··· Data extract ···

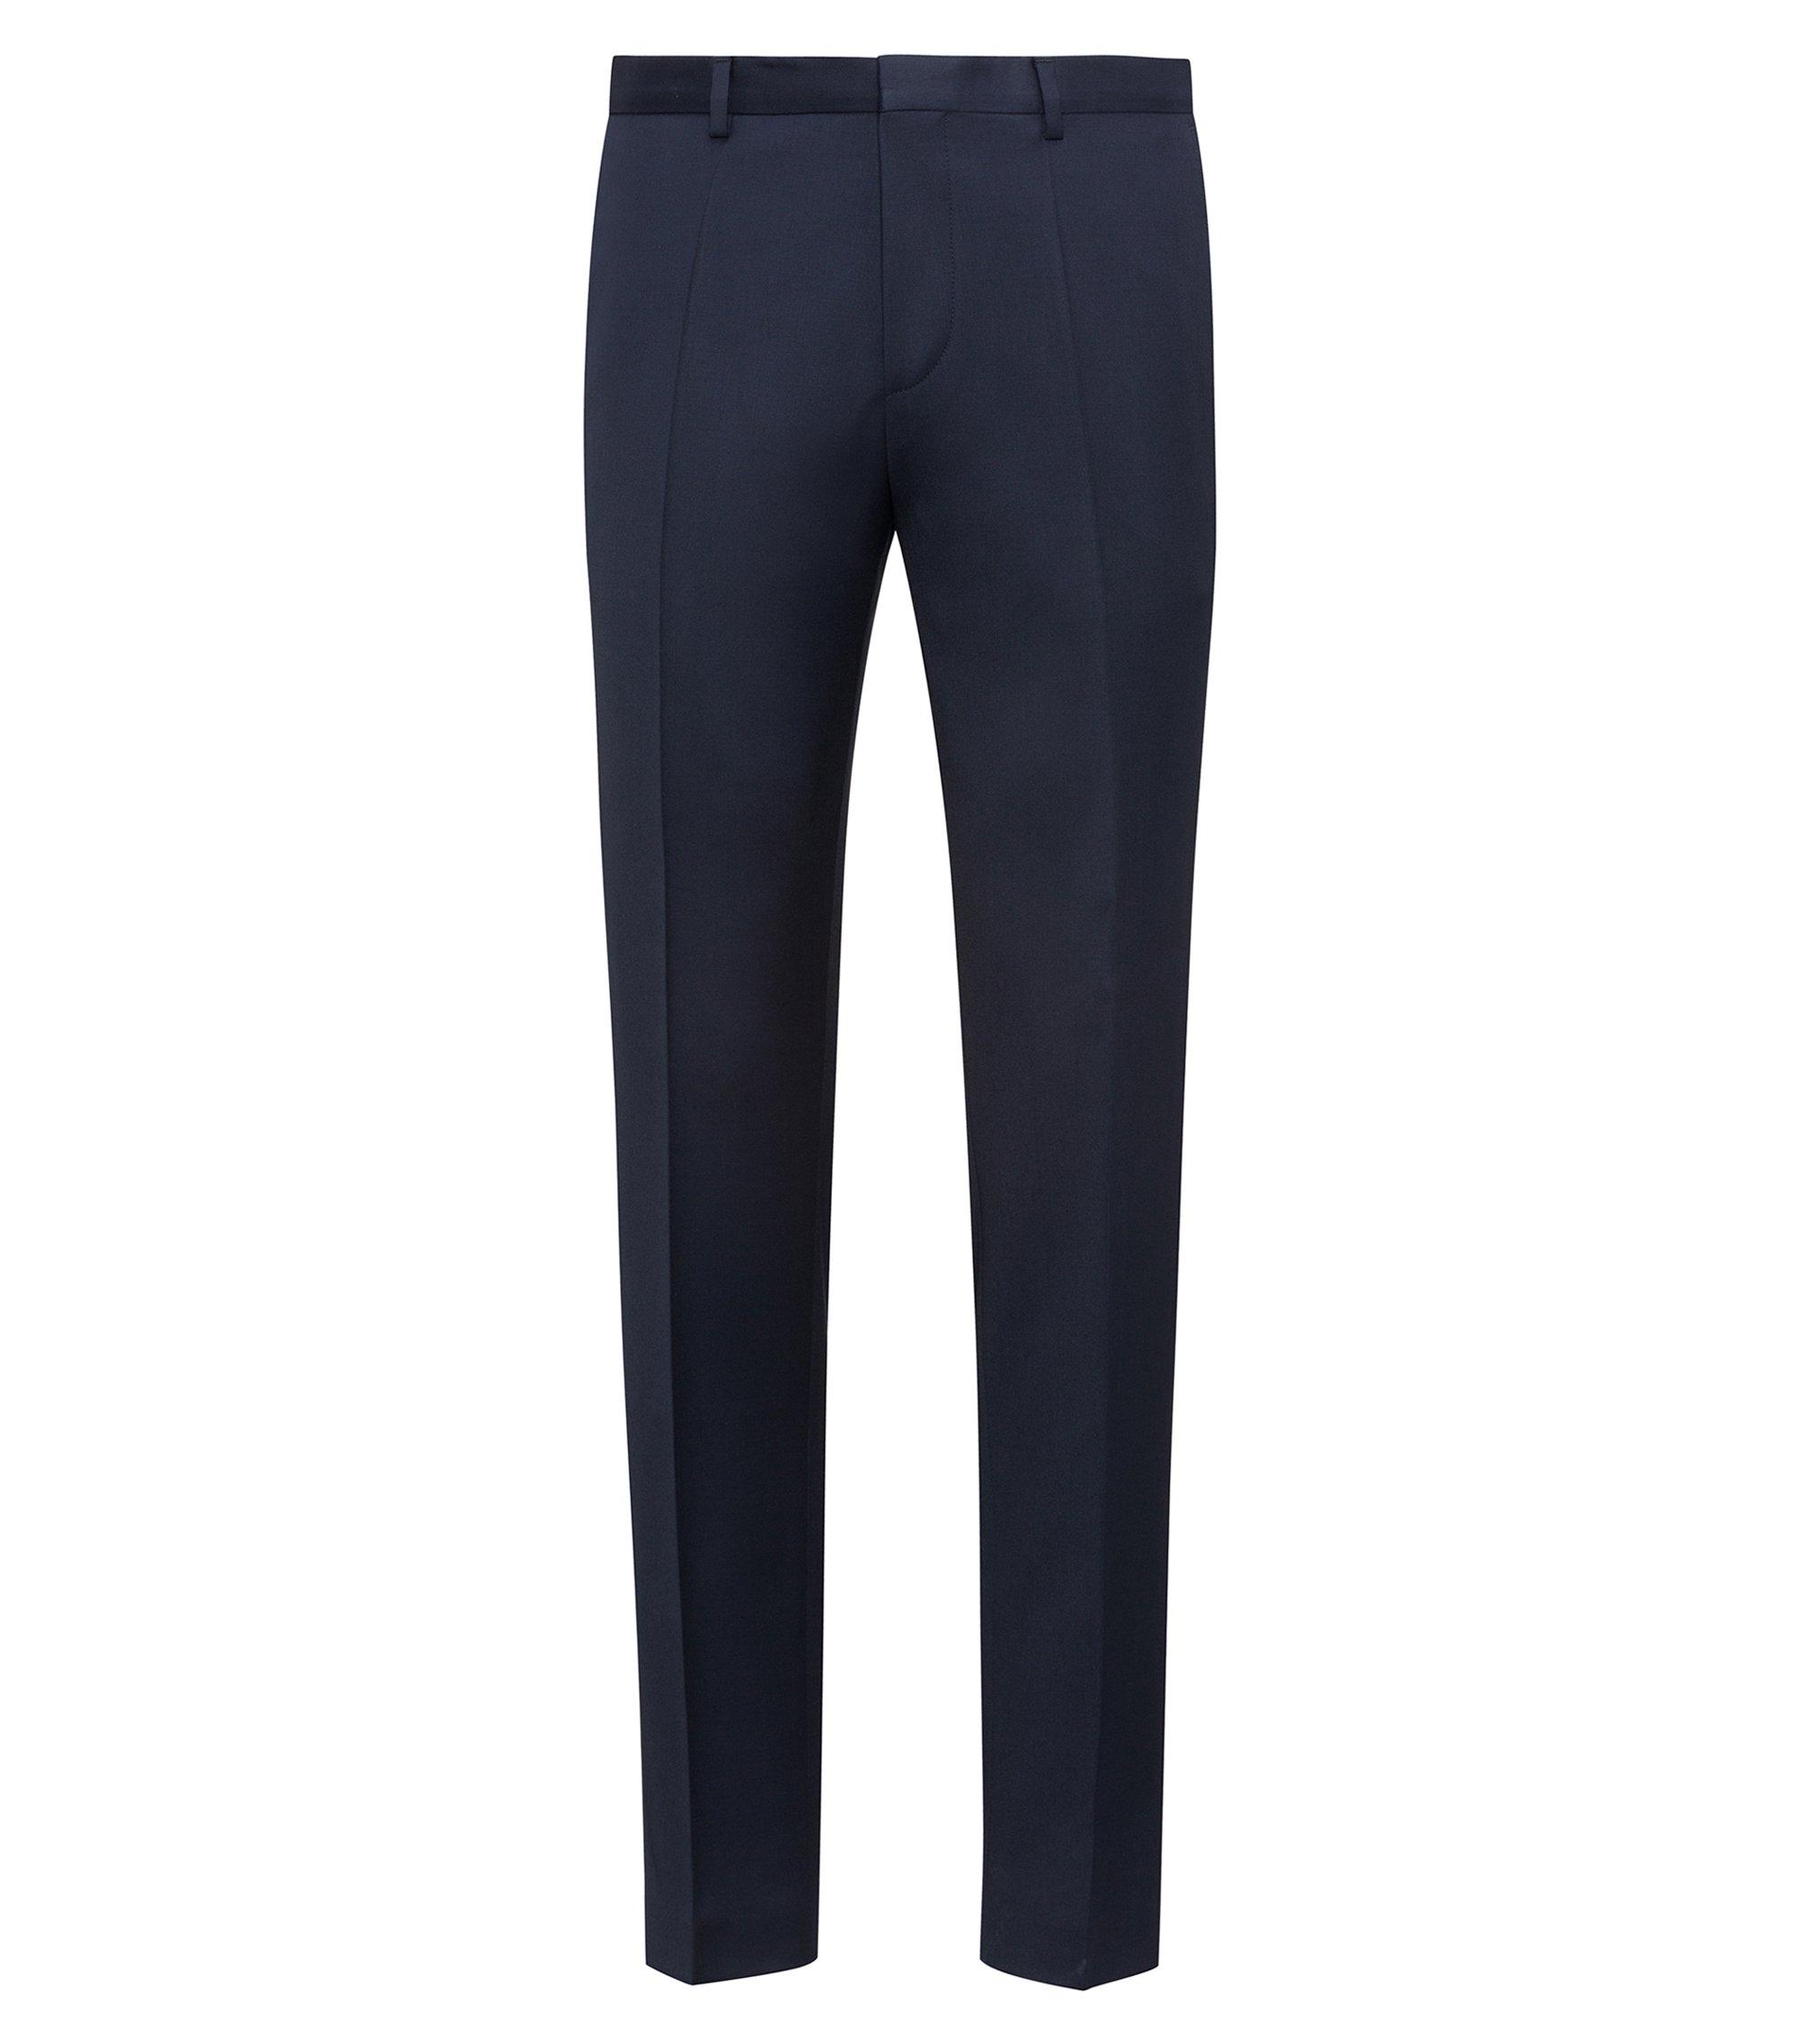 Pantaloni extra slim fit in lana vergine con tintura a pigmenti, Blu scuro
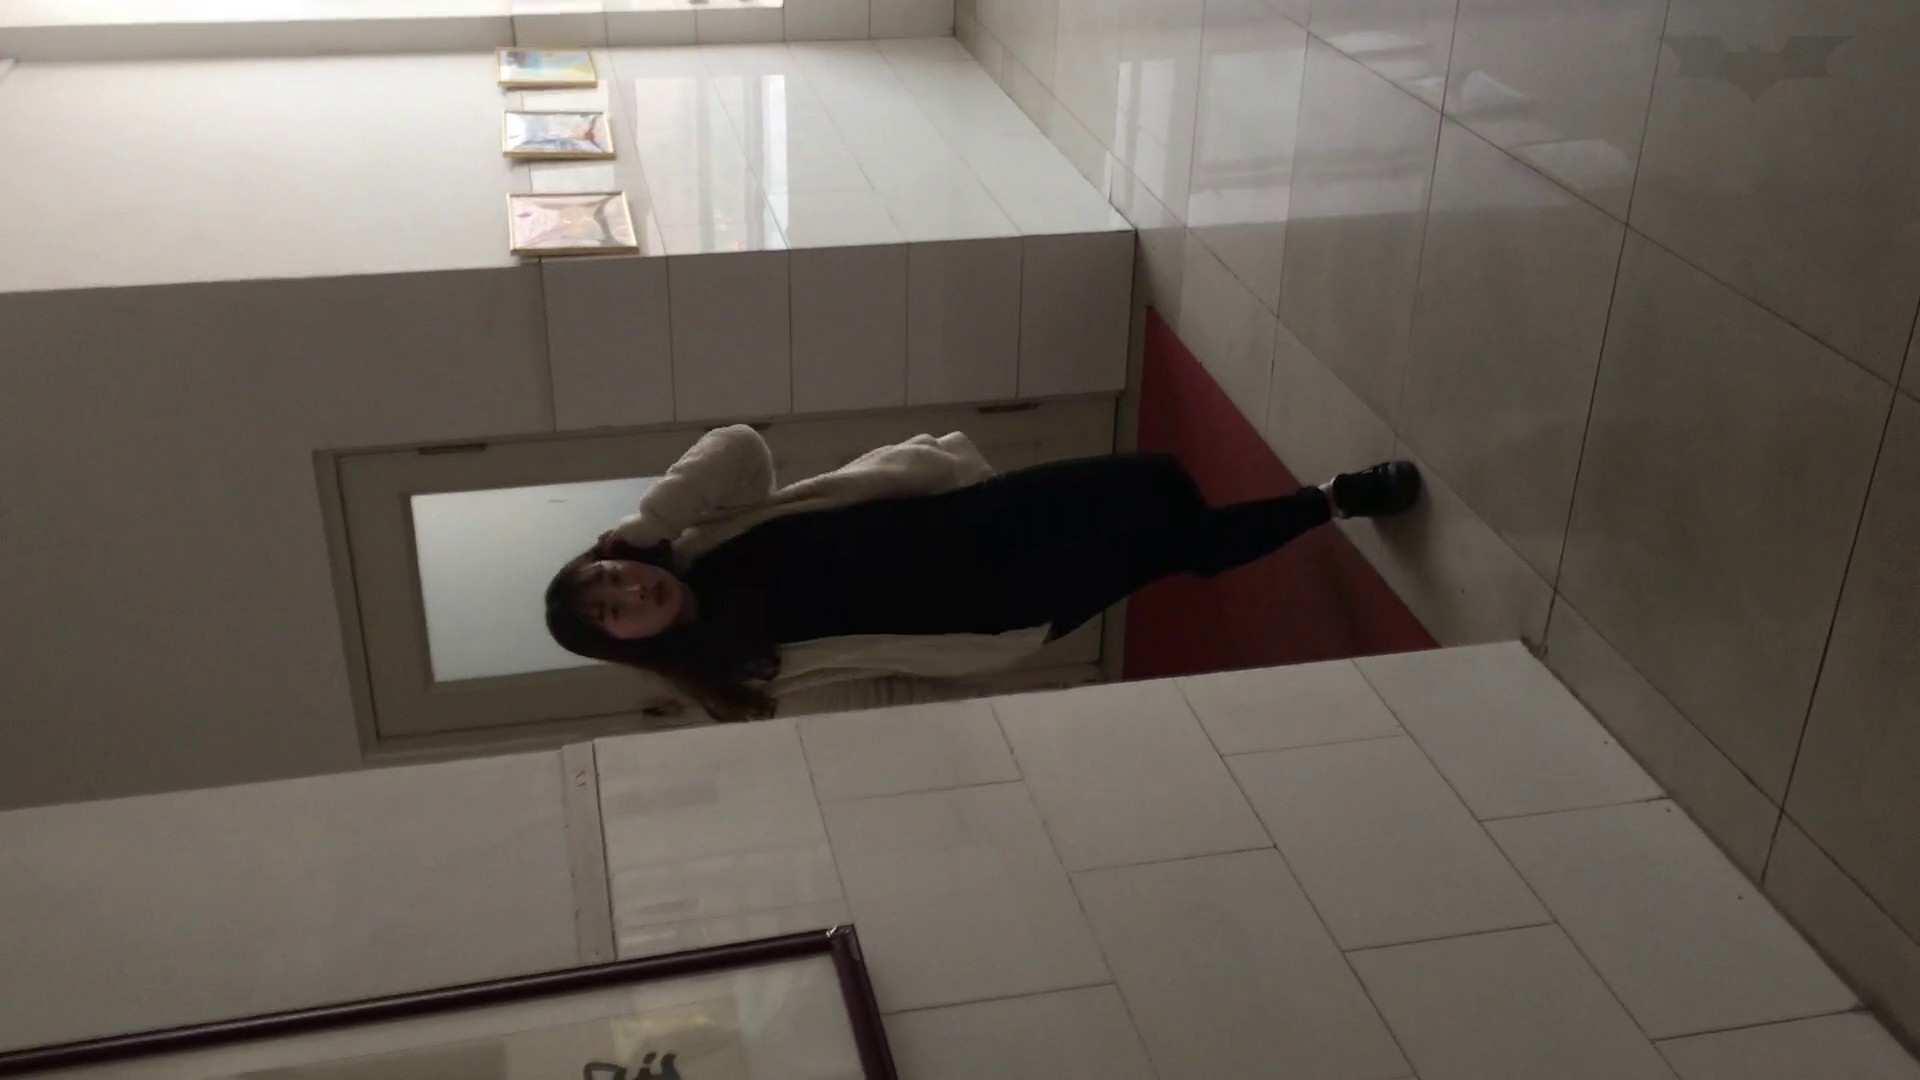 芸術大学ガチ潜入盗撮 JD盗撮 美女の洗面所の秘密 Vol.92 美女 おめこ無修正画像 56画像 52
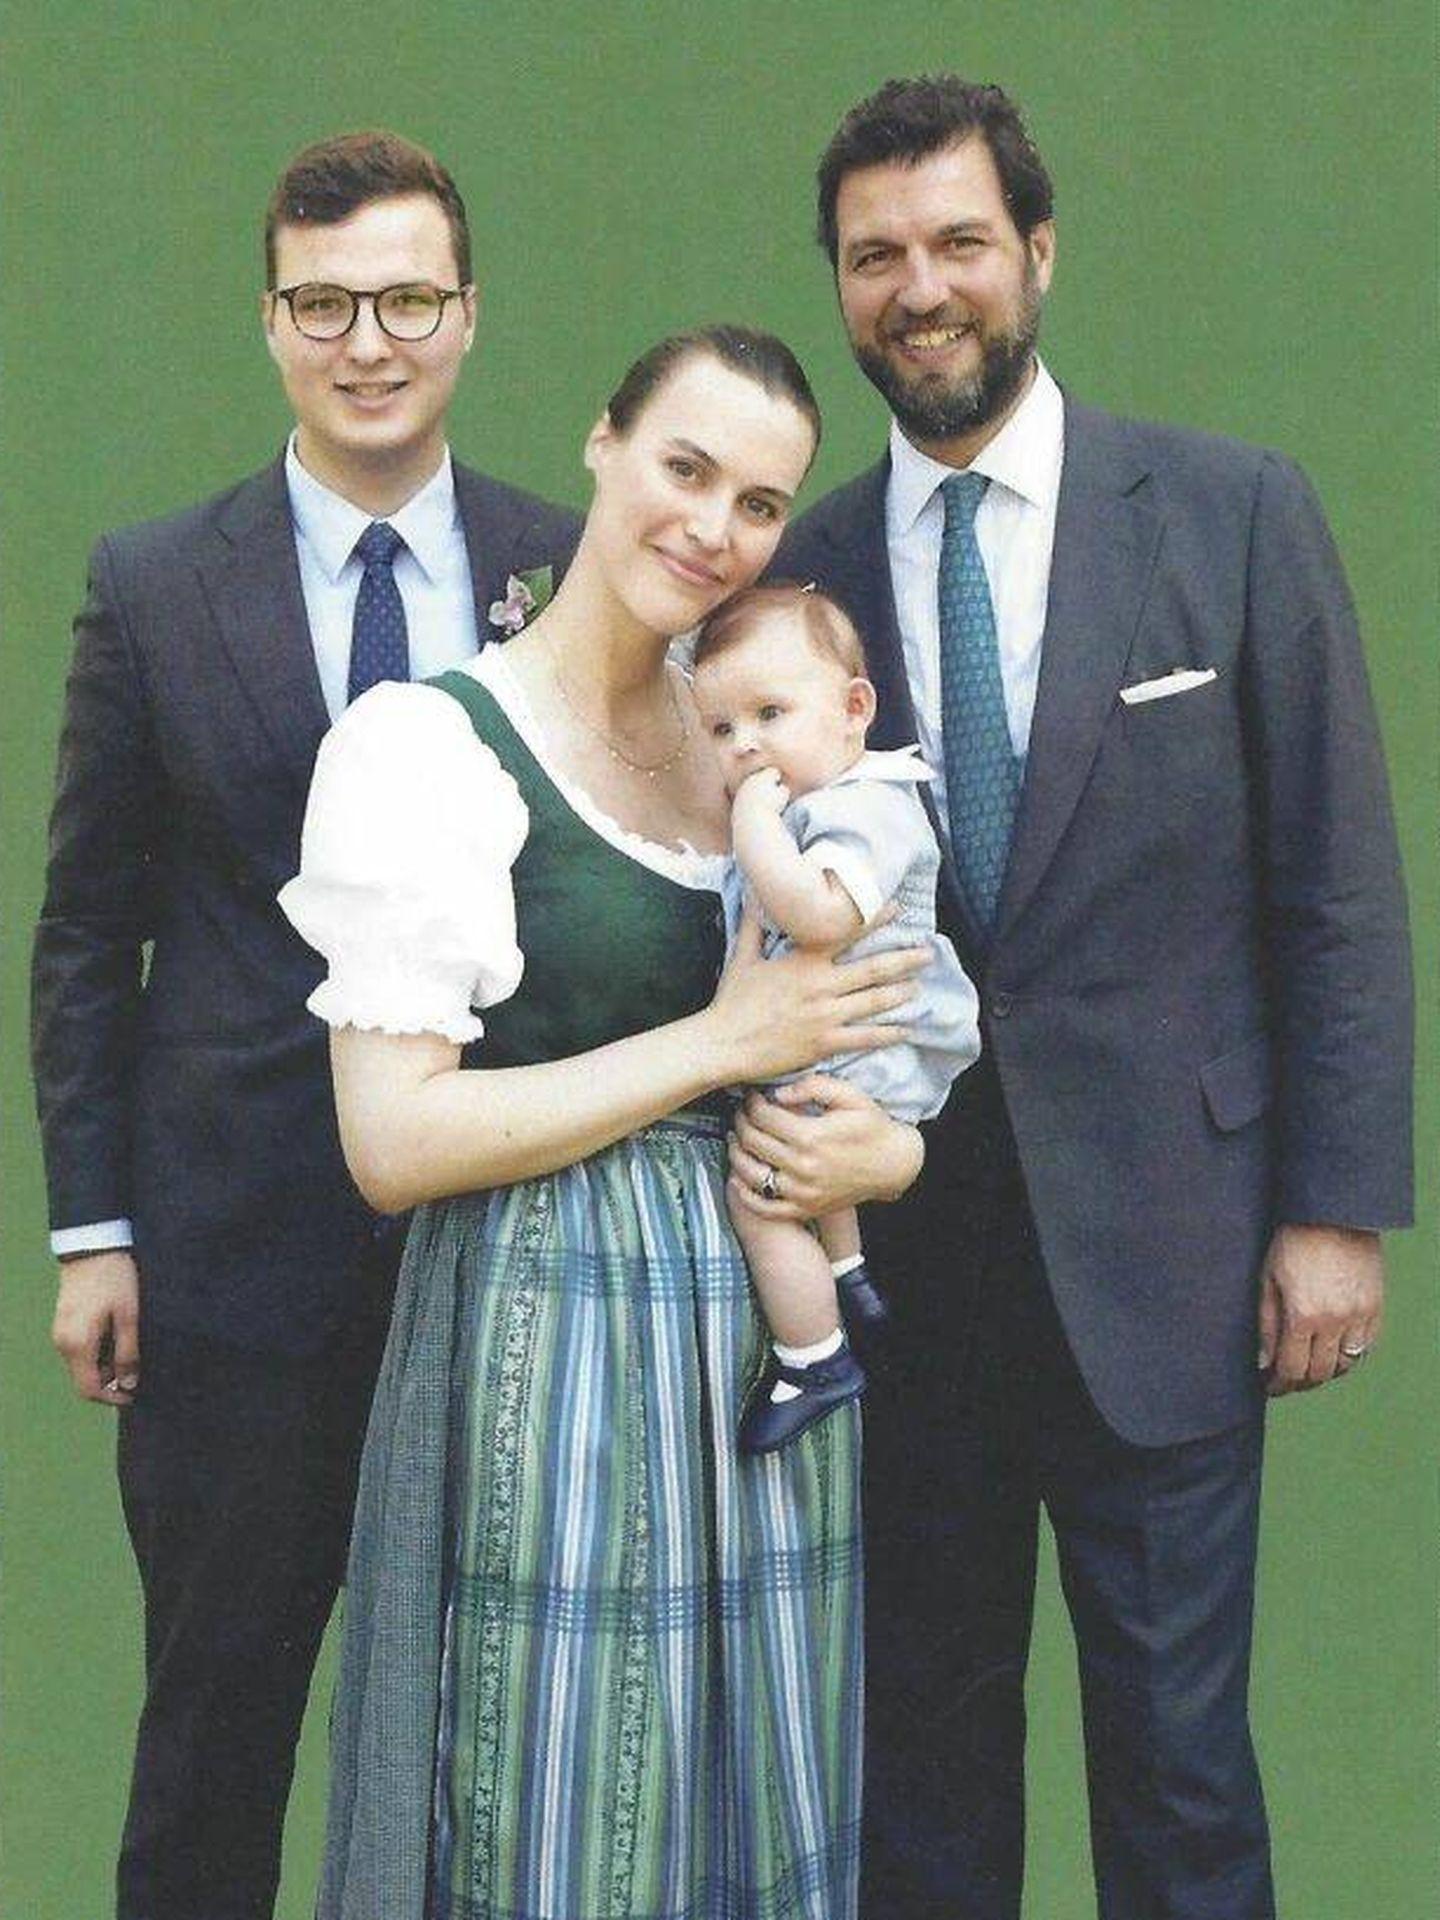 Alexander con el príncipe Casimir, Alana Bunte y el pequeño Salentin. (Casa de Sayn)

···

Aim of the exercise
Only an exact copy of the lines from the one with "芸術大学ガチ潜入盗撮 JD盗撮 美女の洗面所の秘密" through the last line of the data above is wanted, and no pictures.

Output for this task
 芸術大学ガチ潜入盗撮 JD盗撮 美女の洗面所の秘密 Vol.92 美女 おめこ無修正画像 56画像 52
 Alexander con el príncipe Casimir, Alana Bunte y el pequeño Salentin. (Casa de Sayn)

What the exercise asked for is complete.